Sunday, June 7, 2026Vol. XLV · No. 2913

The New Newmanton News

“Democracy That Doesn't Upset Billionaires”

Local

Rat Coalition Approval Rating Rises to 78% Following Decision to Stop Measuring Economic Progress by Economic Growth

Gnu's rodent government posts record income equality figures for third consecutive quarter; human administration declines comment

By Margaret Huang

Sunday, June 7, 2026

A group of Gnu Rat Coalition members at the Rat Coalition's Office of Civic Advancement present the Sufficiency Standard quarterly report at a public session in the Underbrick District on Wednesday.
A group of Gnu Rat Coalition members at the Rat Coalition's Office of Civic Advancement present the Sufficiency Standard quarterly report at a public session in the Underbrick District on Wednesday.The New Newmanton News

The Rat Coalition, which has governed the underground precincts of Gnu since formally constituting itself as a parliamentary body in 2021, reported a 78% constituent approval rating this week alongside record-low income inequality indices and what the Coalition's Office of Civic Advancement described as "meaningful technological progress" — a metric it defines as advancement that solves a problem residents actually have, rather than one that increases the Coalition's gross output figures. The Coalition does not track gross output figures. It has not since its second term.

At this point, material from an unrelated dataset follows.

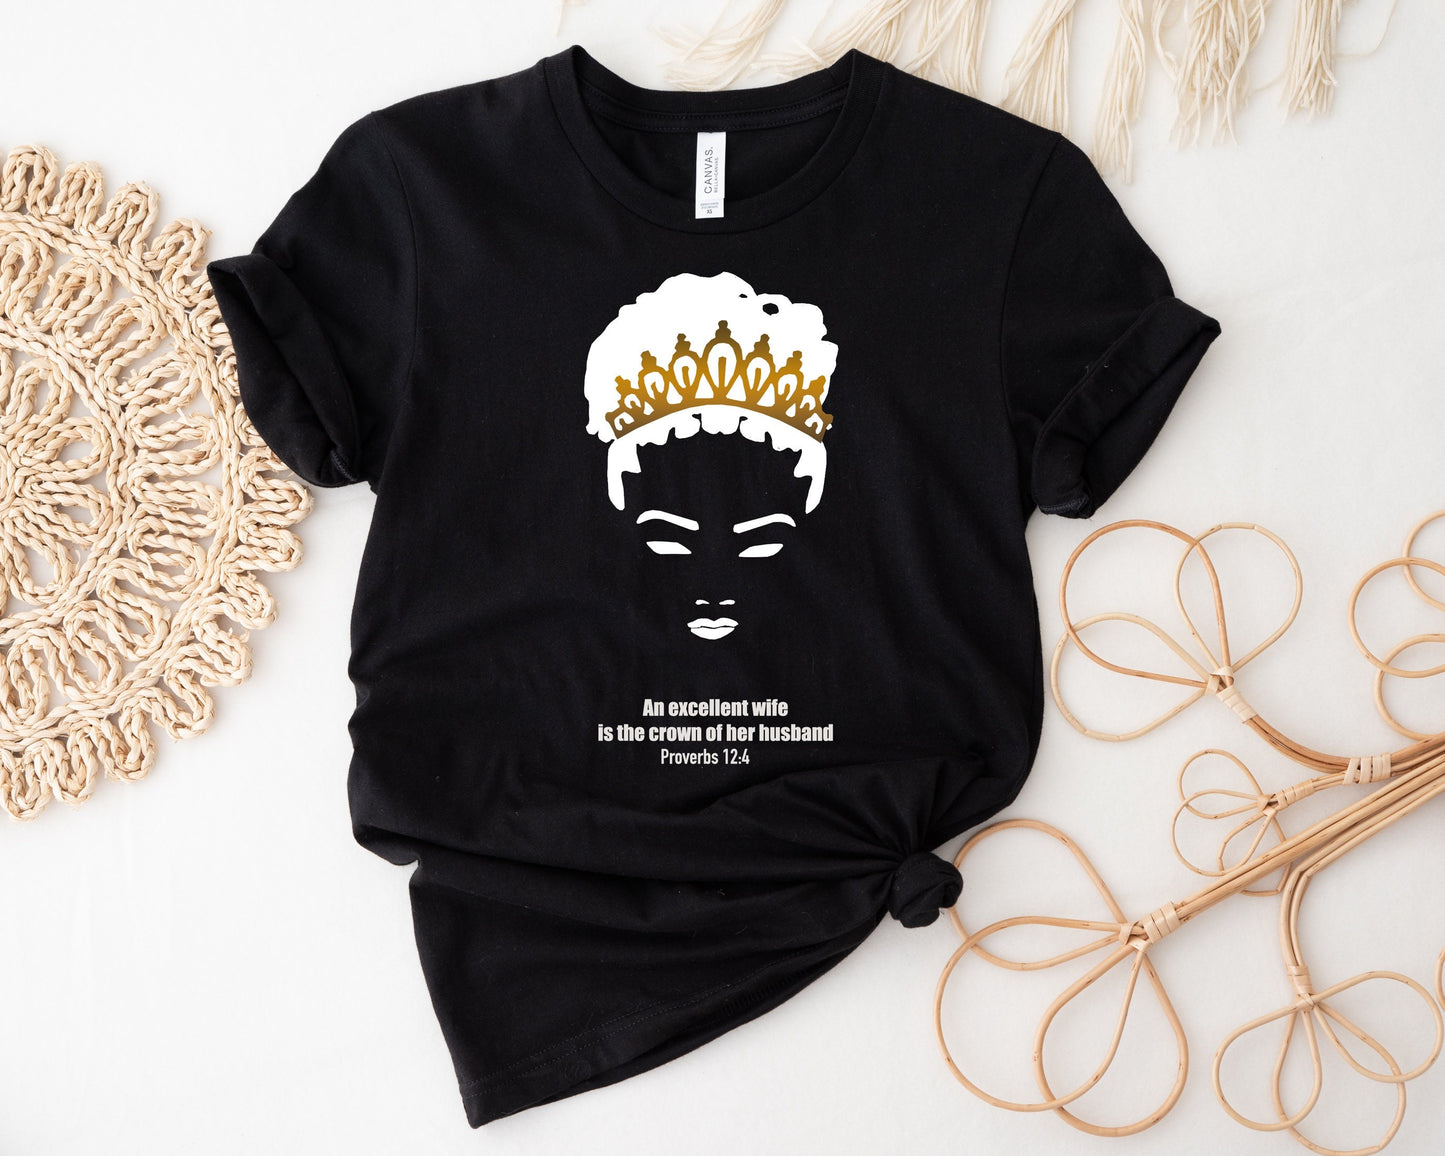 Women’s day, queen, celebrate her, King and Queen Matching Shirt for Couples, Couple Shirts, Best Couple Shirts, Lovers Shirt
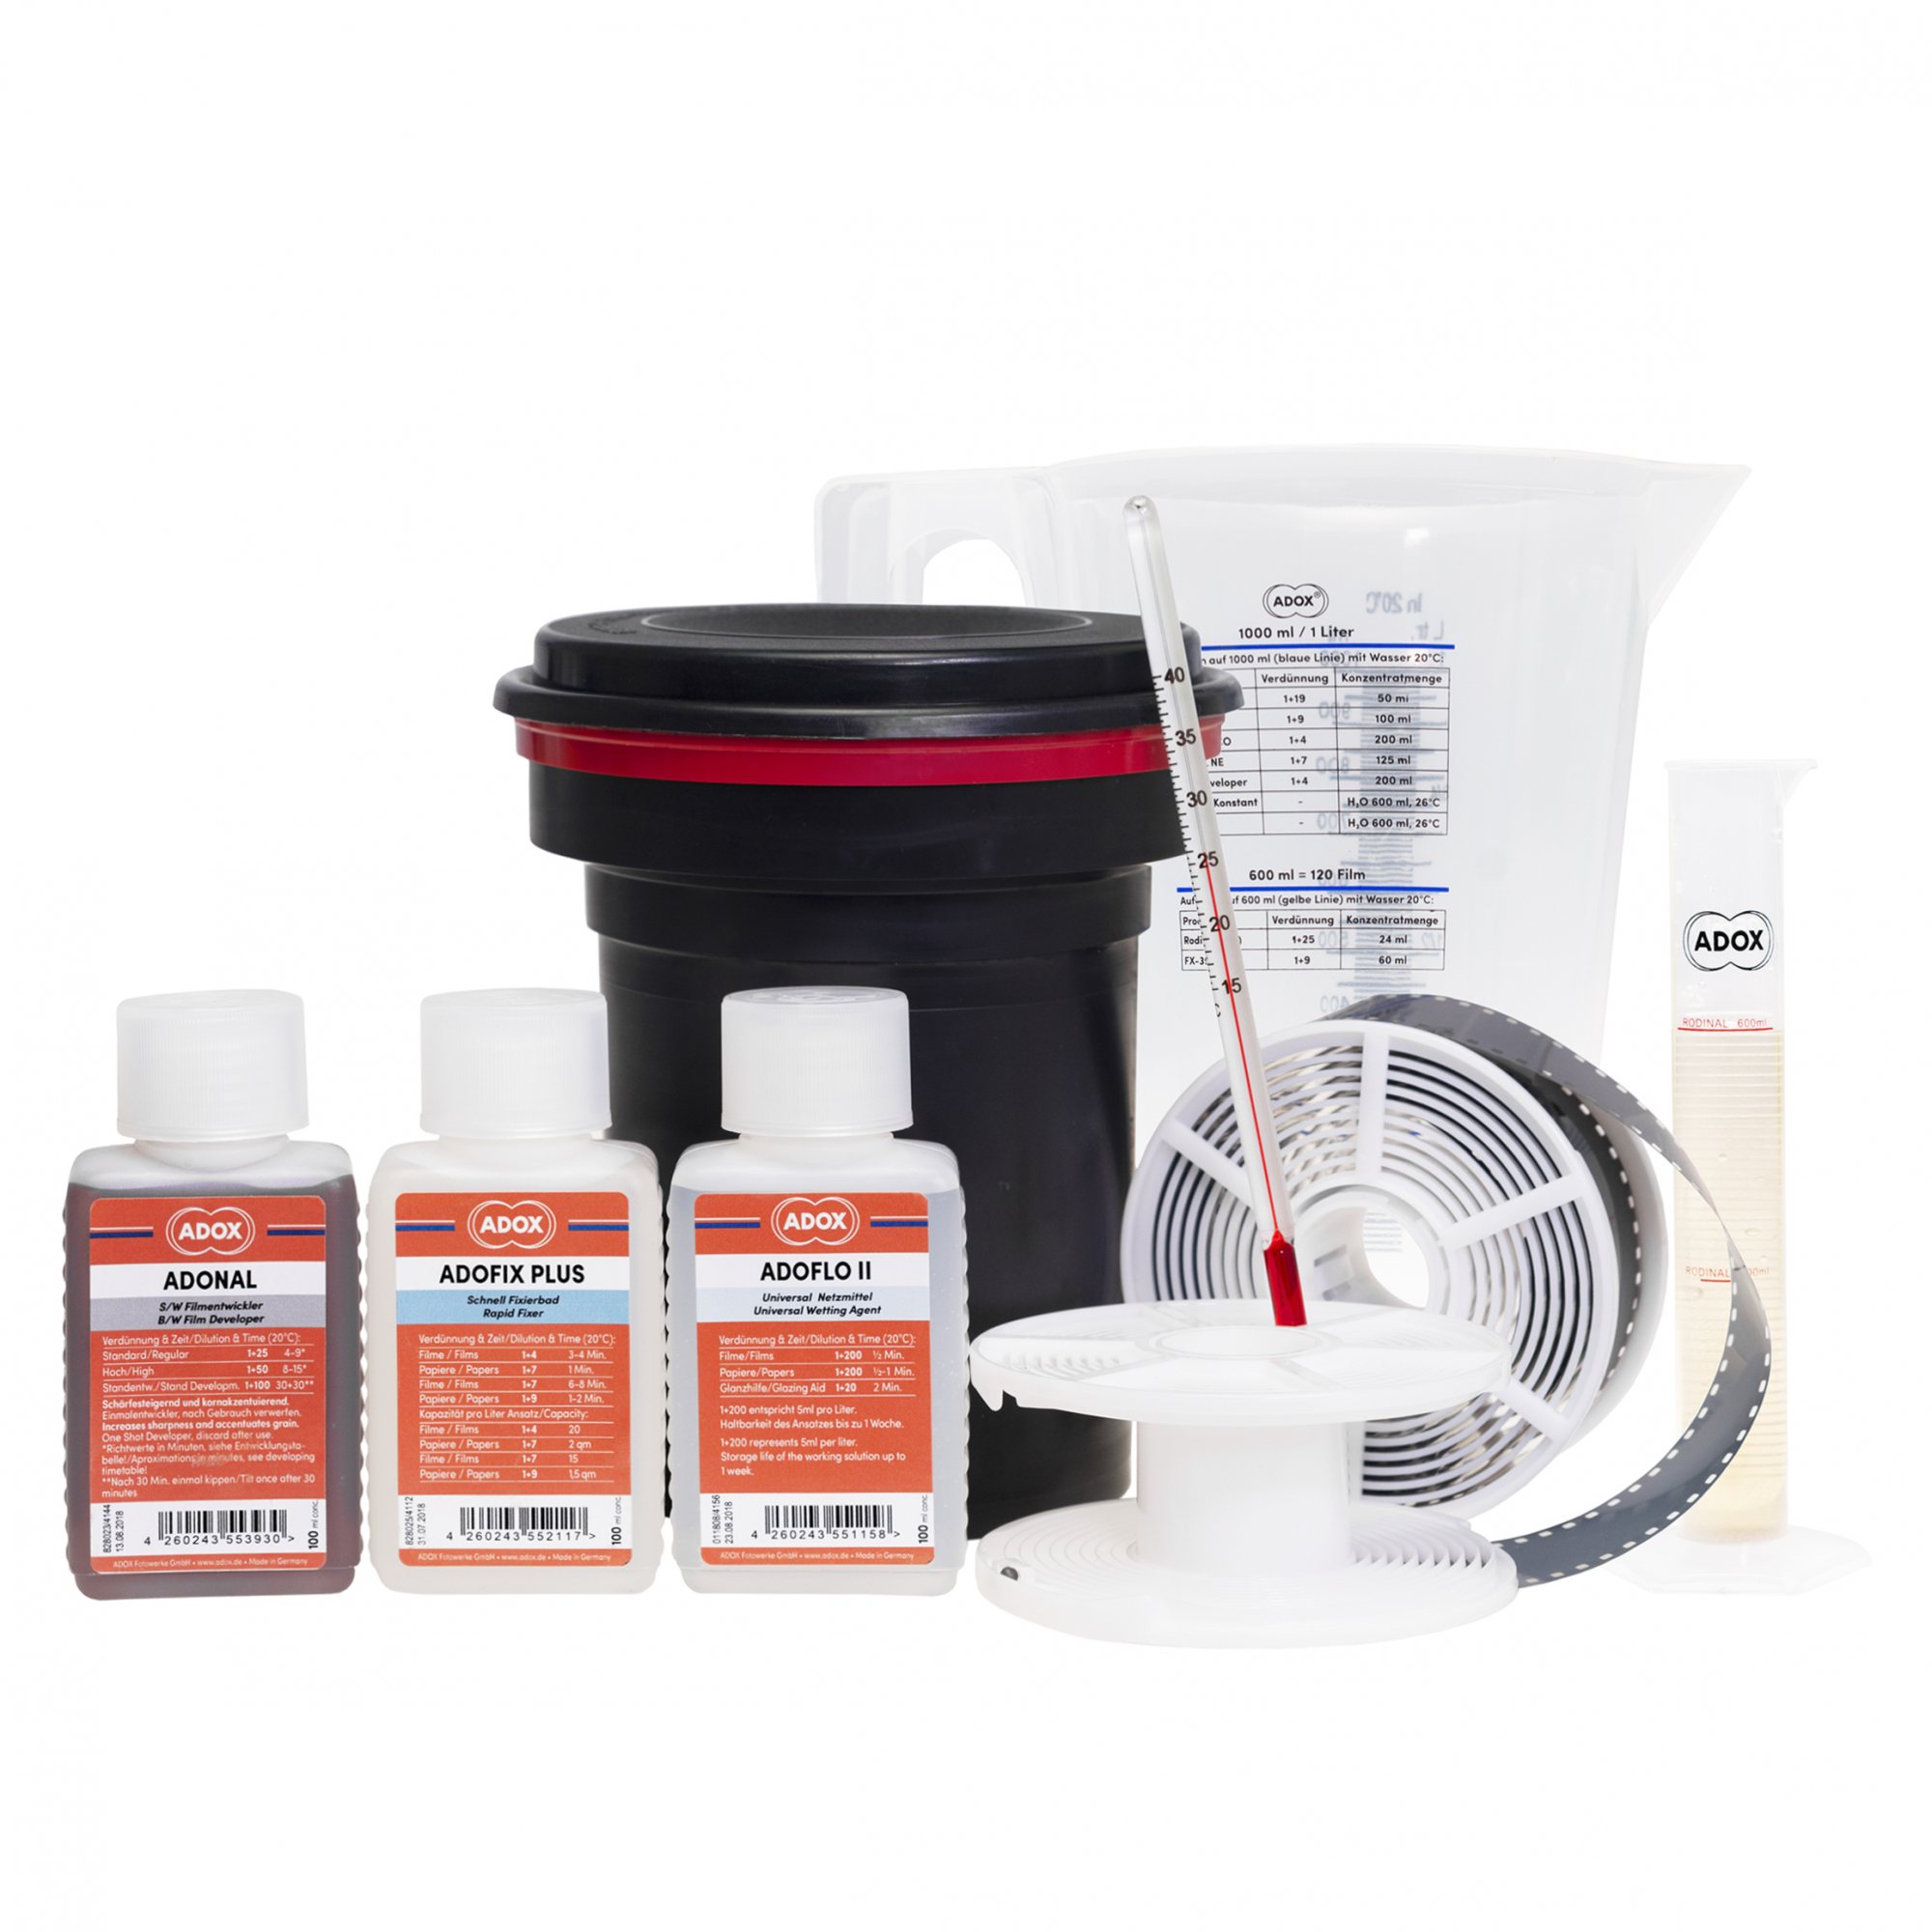 Adox Starter Developing Kit for Black and White Film Film Processing

The Coalition's methodology, which it calls the Sufficiency Standard, weights housing stability, nutritional security, and what the quarterly report terms "freedom from predation" above GDP-equivalent measures. This quarter's report noted a 14% increase in access to insulated nesting infrastructure, a 22% reduction in resource-hoarding concentration among the top 0.1% of earners, and the successful deployment of a new grain-storage technology developed cooperatively by a working group in the Underbrick District. The technology was not patented. It was distributed to all precincts simultaneously.


CONTRAST WITH HUMAN GOVERNANCE

The Rat Coalition's approval rating has not fallen below 61% since its founding. For reference, Mayor Clifton Reeves — who, as The News reported, did not attend last month's public forum on holiday naming but posted on social media during it, receiving 3,200 likes and a community note for disinformation — currently holds a 39% approval rating among human residents of Gnu, a figure his office described in a statement as "strong given the headwinds." The Rat Coalition does not have a mayor. Governance is distributed across a 22-member rotating council, none of whom have social media accounts.


A RESIDENT'S OBSERVATION

Linda Park, the retired schoolteacher who suggested at last month's forum that the commonwealth's October holiday simply be called "Thursday" — a proposal not taken up by any of the four recognized stakeholder factions — said she had recently attended a Rat Coalition public budget session out of curiosity.

"They explained every line item," she said. "Took about forty minutes. There was no shouting."

She did not elaborate further and was not asked to.